The utility model provides an infrared amplification circuit, refer to fig. 1, infrared amplification circuit includes: power input 10, infrared receiving diode 20, signal amplification module 30 and infrared coding and decoding chip 40, wherein, power input 10 respectively with infrared receiving diode 20 signal amplification module 30 with infrared coding and decoding chip 40 electricity is connected, signal amplification module 30 is established ties infrared receiving diode 20 with between the infrared coding and decoding chip 40, infrared receiving diode 20 is used for with received infrared signal transmission extremely signal amplification module 30, signal amplification circuit is used for right infrared signal carries out the amplification processing, and will amplify the back infrared signal transmission extremely infrared coding and decoding chip 40.

In this embodiment, after the power input terminal 10 is connected to a power supply, the power supply can supply power to the infrared receiving diode 20, the signal amplification module 30 and the infrared encoding and decoding chip 40.

Optionally, the infrared receiving diode 20 is also called an infrared photodiode, and is configured to receive an infrared signal sent by an external infrared remote control device. The cathode of the infrared receiving diode 20 is electrically connected to the power input terminal 10, and the anode of the infrared receiving diode 20 is electrically connected to the signal amplification module 30. When the infrared receiving diode 20 receives an infrared signal sent by an external infrared remote control device, the infrared signal is transmitted to the signal amplifying module 30.

Optionally, when receiving the infrared signal sent by the infrared receiving diode 20, the signal amplifying module 30 amplifies the infrared signal and transmits the amplified infrared signal to the infrared encoding and decoding chip 40. The signal amplification module 30 includes at least one triode, so that the signal amplification module 30 can amplify the infrared signal by using the signal amplification capability of the triode.

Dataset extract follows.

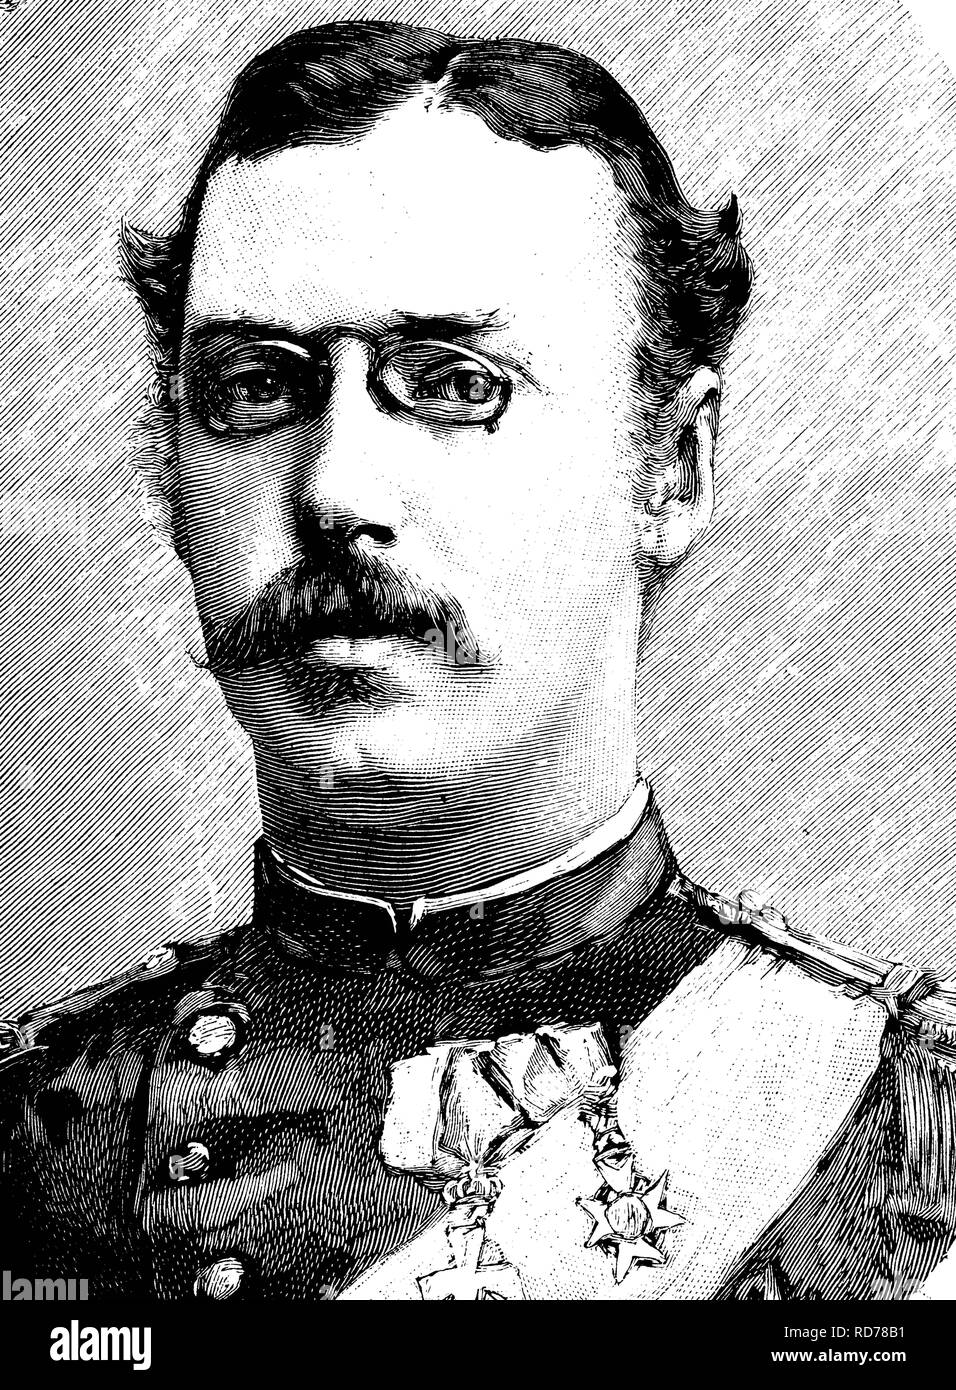 Le prince Waldemar de Danemark (1858-1939), illustration historique, vers 1886 Banque D'Images

Therefore, the infrared signal received by the terminal equipment is amplified by the infrared amplifying circuit so as to improve the capability of the terminal equipment for receiving the infrared signal, and the terminal equipment can still accurately analyze the received infrared signal into a corresponding control instruction even if the infrared remote controller sends the infrared signal to the terminal equipment with lower intensity. Especially, when the terminal device needs to use the infrared learning function, the infrared signal received by the infrared receiving diode 20 is amplified by the signal amplifying module 30 and then input into the infrared encoding and decoding chip 40, thereby improving the infrared receiving distance and stability of the terminal device during infrared learning.

In an embodiment, based on the above embodiments, referring to fig. 2 to fig. 3, the signal amplification module 30 at least includes a first transistor Q1, and a first resistor R1 connected to a collector of the first transistor Q1, a base of the first transistor Q1 is electrically connected to the ir receiving diode 20, and an emitter of the first transistor Q1 is grounded.

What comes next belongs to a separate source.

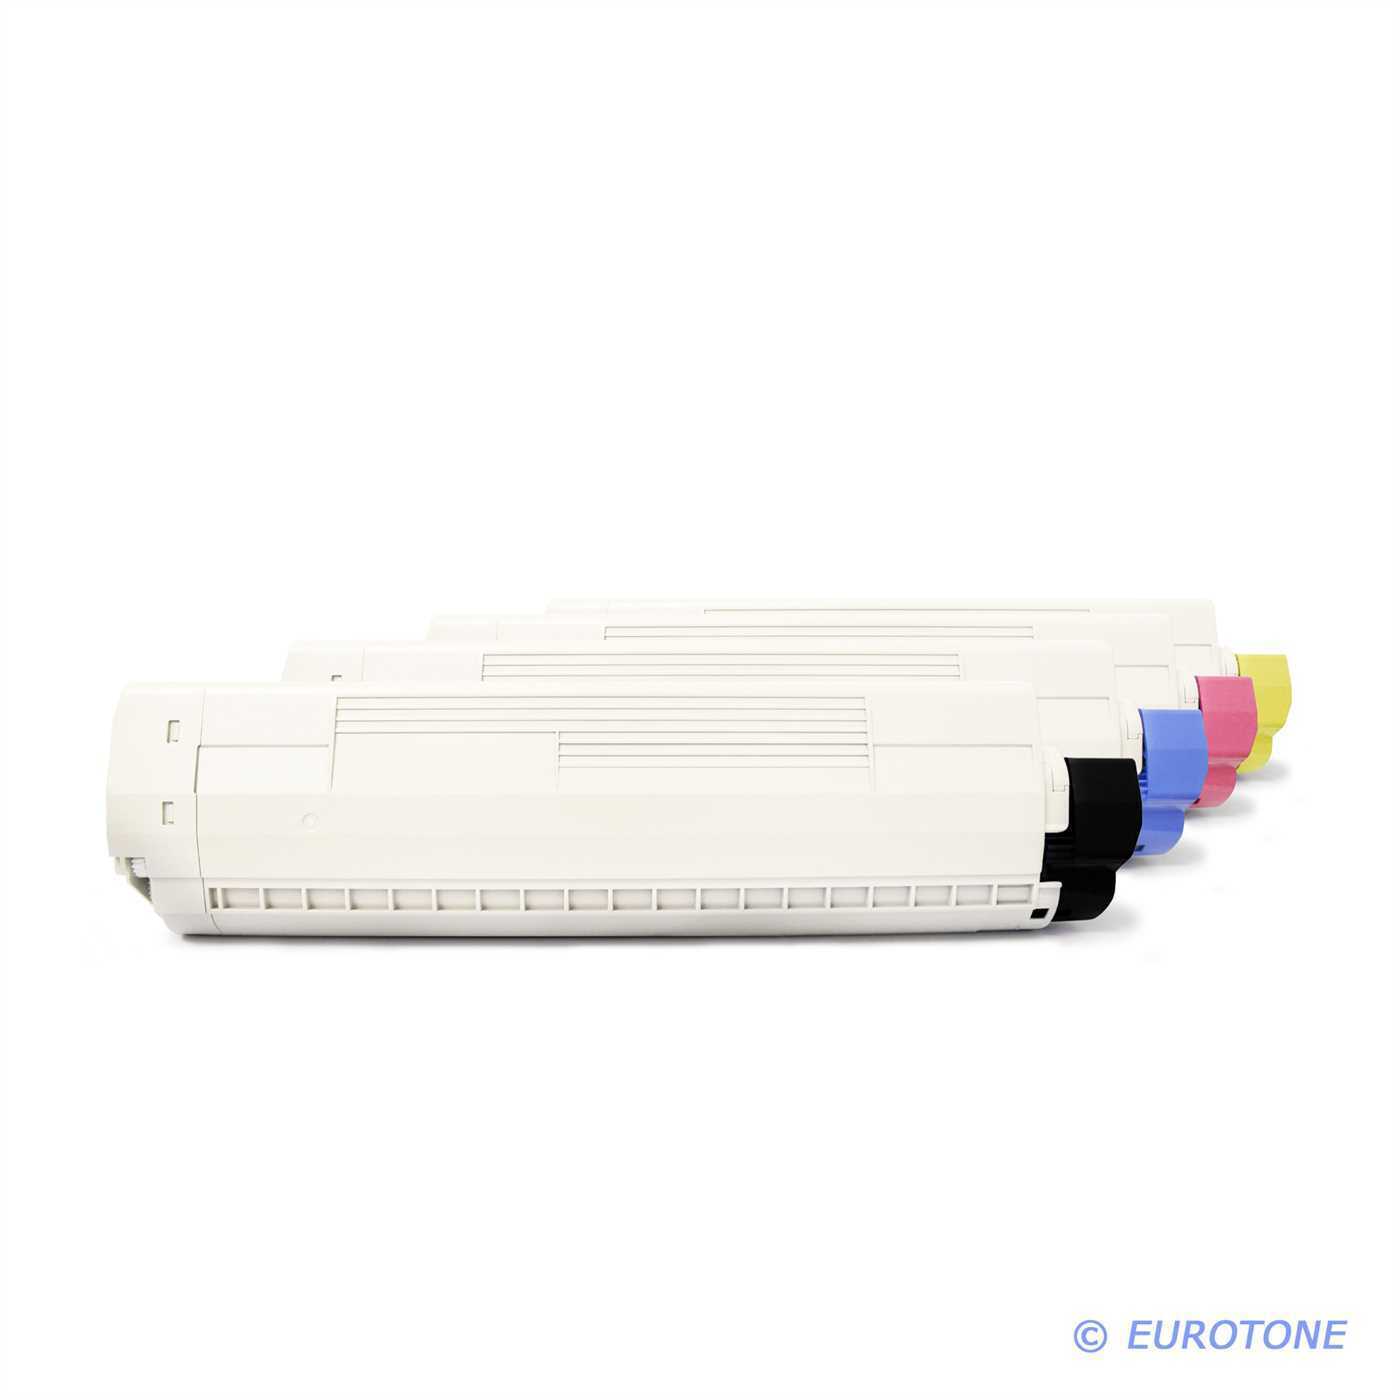 4x Eurotone Eco Cartridge for OKI C-9650-HN C-9800-HN C-9650-HDTN C-9600-N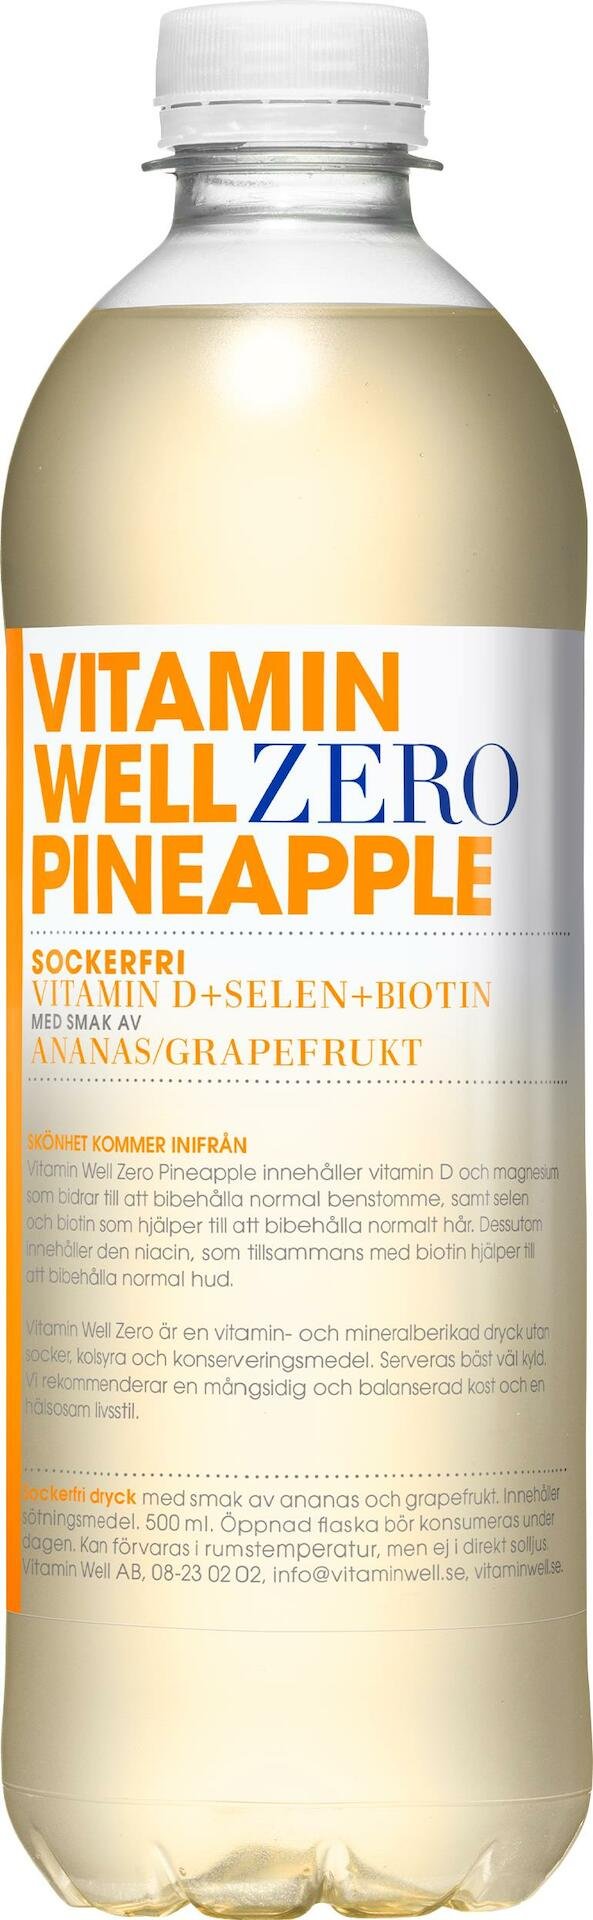 Vitamin Well Zero Pineapple 500 ml

The base of the first triode Q1 is electrically connected with the anode of the infrared receiving diode 20.

Optionally, the first triode Q1 is an NPN type triode, and the model of the first triode Q1 is 8050.

Optionally, the first triode Q1 and the first resistor R1 are used to form a cascode amplifying circuit in the signal amplifying module 30, so as to amplify the infrared signal received by the signal amplifying module 30.

In an embodiment, in addition to the above embodiment, referring to fig. 2, the signal amplification module 30 further includes a first capacitor C1, wherein the first resistor R1 is connected in series between the collector of the first transistor Q1 and the power input terminal 10, and the first capacitor C1 is connected in series between the collector of the first transistor Q1 and the infrared receiving diode 20.

In this embodiment, when the infrared receiving diode 20 receives a signal, the first transistor Q1 is turned on, the common-emitter amplifying circuit formed by the first transistor Q1 amplifies the infrared signal received by the infrared receiving diode 20, and then the infrared signal is decoded by ac coupling to the infrared codec chip 40 through the first capacitor C1, thereby implementing the infrared learning function.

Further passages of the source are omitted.